"data" ... "not quantitative" is a contradiction. Data are numbers.
Measurements. Surveys. Experimental results. If you can't measure
it, there's no way to know whether your vague feeling of connectedness
is something real and testable, or if it's just the wanderings of a
random pattern-matching machine run amok, finding patterns caused by
pure chance and baselessly extrapolating them into the future.
Those who postulate explanations for any phenomenon--social, physical,
or any other--must have some means of stating precisely what their
explantion predicts, and then have some way of measuring the actual
result to test the prediction, or else their conjectures no more
falsifiable than theology, and don't qualify as knowledge.

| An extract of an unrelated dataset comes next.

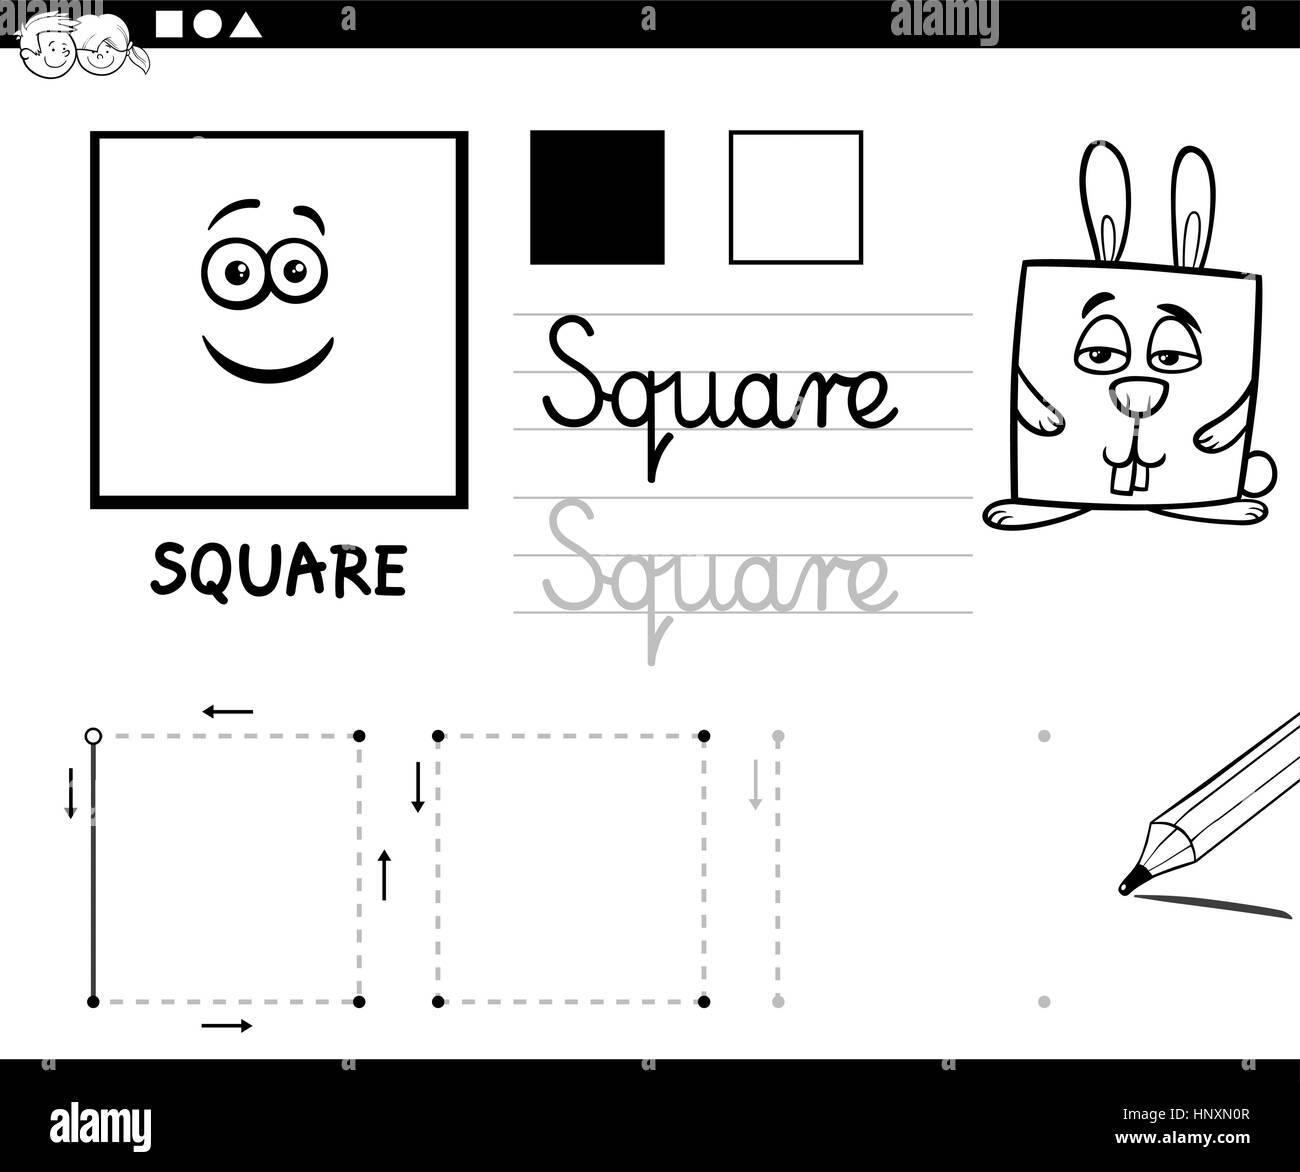 Schwarz / weiß pädagogische Cartoon Illustration des quadratischen geometrische Grundform für Kinder Malvorlagen Stock Vektor
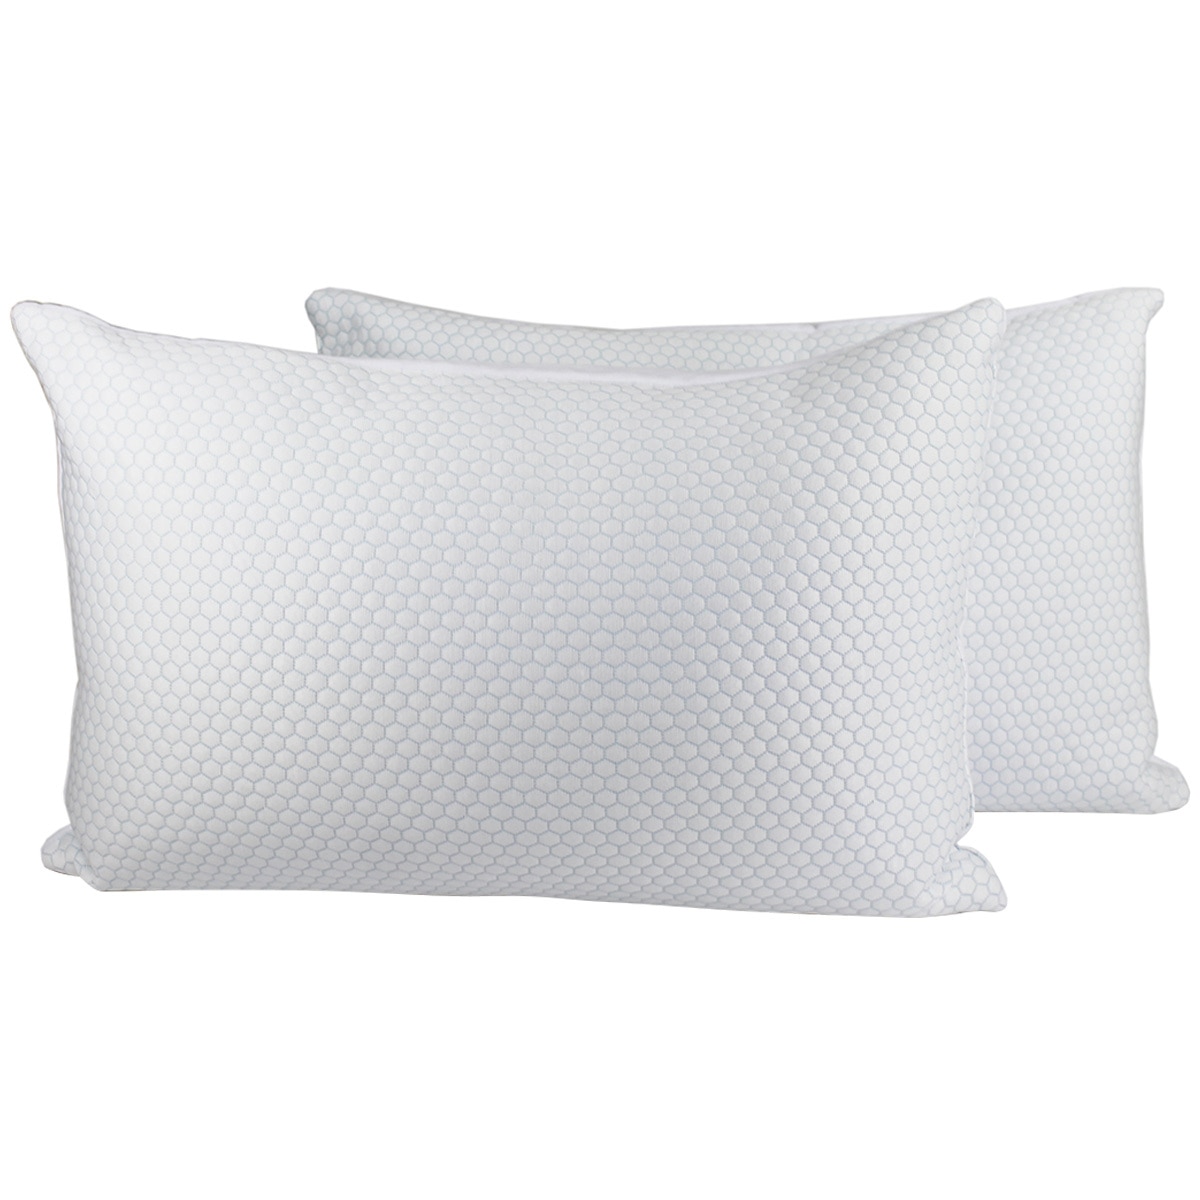 Gracious Living Cluster Memory Foam Pillow 2 Pack

If they
are simply describing things for artistic reasons, or pointing out
suggestive parallels, that's great; but if they are making actual
predictions of real events in a system with 5 billion degrees of
freedom, they'd better have more than a subjective feeling.
Drexler's books for the masses may not have had much raw data (there
certainly were some, but a lot less than one might expect in a more
academic paper), but Drexler himself did the math, and did it right.
Drexler knows precisely the speed of chemical reactions; the size of
DNA molecules; the amount of data in a complex computer program; the
size of the spaces between cells. Without those real numbers, based
on real measurements of known phenomena, the idea of "incredibly small
machines that build things from atoms" would be nothing more than a
good science fiction hook. The numbers make it real.